How well, and how wil, this FishPass work? 

Will the engineering design  be “patented” or “copyrighted” and available for purchase?  Will an individual benefit financially?

Shareholder values apparently are a large consideration, why not city residents and taxpayer values?

Who were these shareholders and whom did they represent?

Who in the city made the decision to buy in to the project and bring it to the City commission?

Did the city accept the proposal or buy into the whole project, funding and all?

Why was the Fish Passage idea not shared with the public before it went to the City Commission and DDA ?

How much is Traverse City contributing to the Fish Passage?

Who pays for maintenance, and who manages and oversees this complicated process?

What about overall assessments of toxic sediments behind the dam, and how will that be cleaned up? Who pays for that?

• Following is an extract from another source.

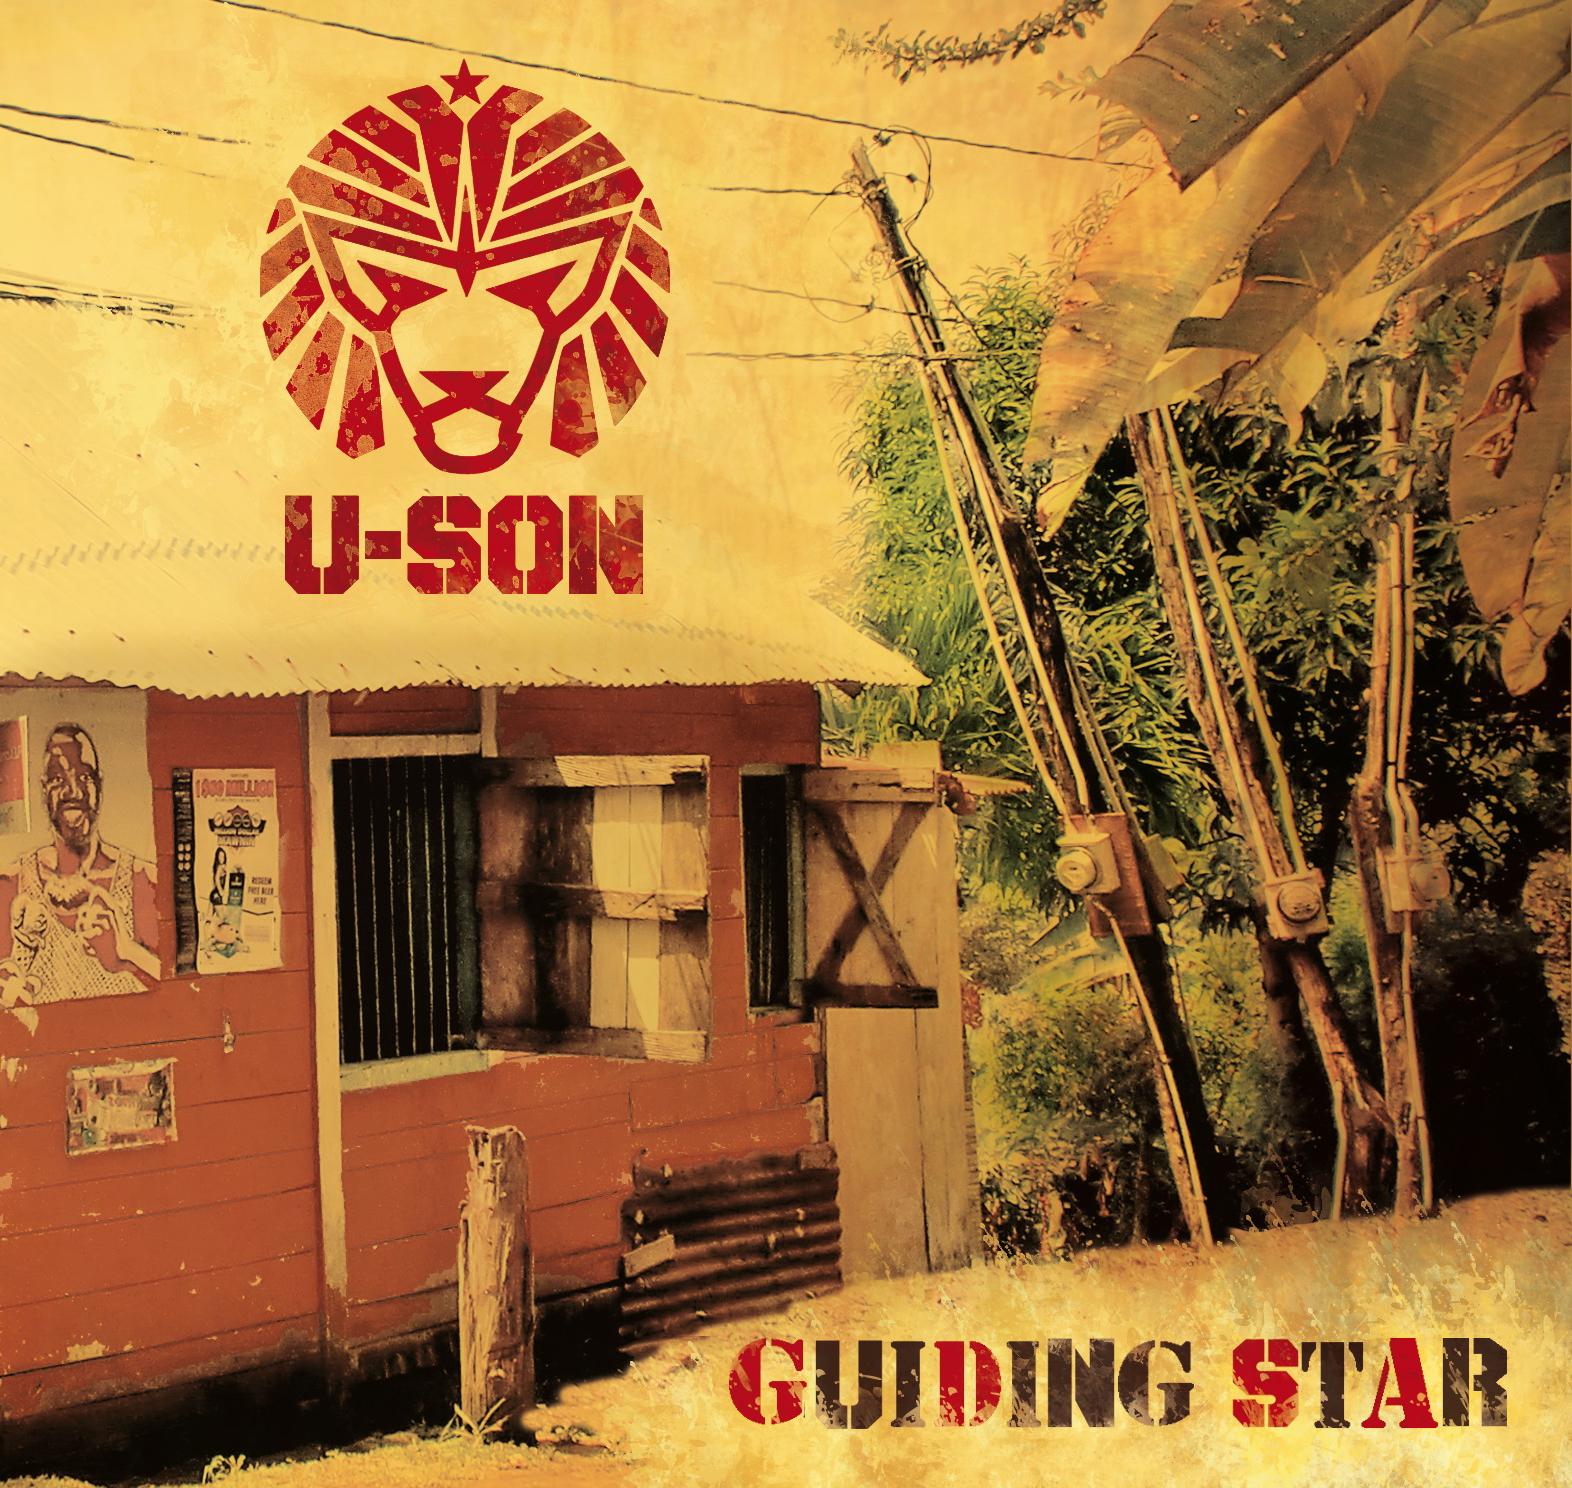 U-SON - Guiding Star (Album)

If the Fish Passage is supposed to be for research who is pushing to have this first experiment here with the Boardman/Ottaway River’s trout fishery?

What about control of lighting and noise?

After the public forums will the stakeholders be able to make changes?

If the Fish Passage does not protect and deliver as projected, what is the city’s recourse?

Invasive problems will affect more than TC. It will become a multiple county  problem. Why does the city get to put 287 square miles of watershed at risk?  

If it fails outright, who pays for cleanup and reconstruction?

Who will be responsible for any liability issues in the future?

 

Boardman River

The lower Boardman River from Boardman Lake to Lake Michigan will be the focus of study. As it travels through Traverse City it still has some natural shoreline which The Watershed Center GT Bay, NMEAC and others want to preserve.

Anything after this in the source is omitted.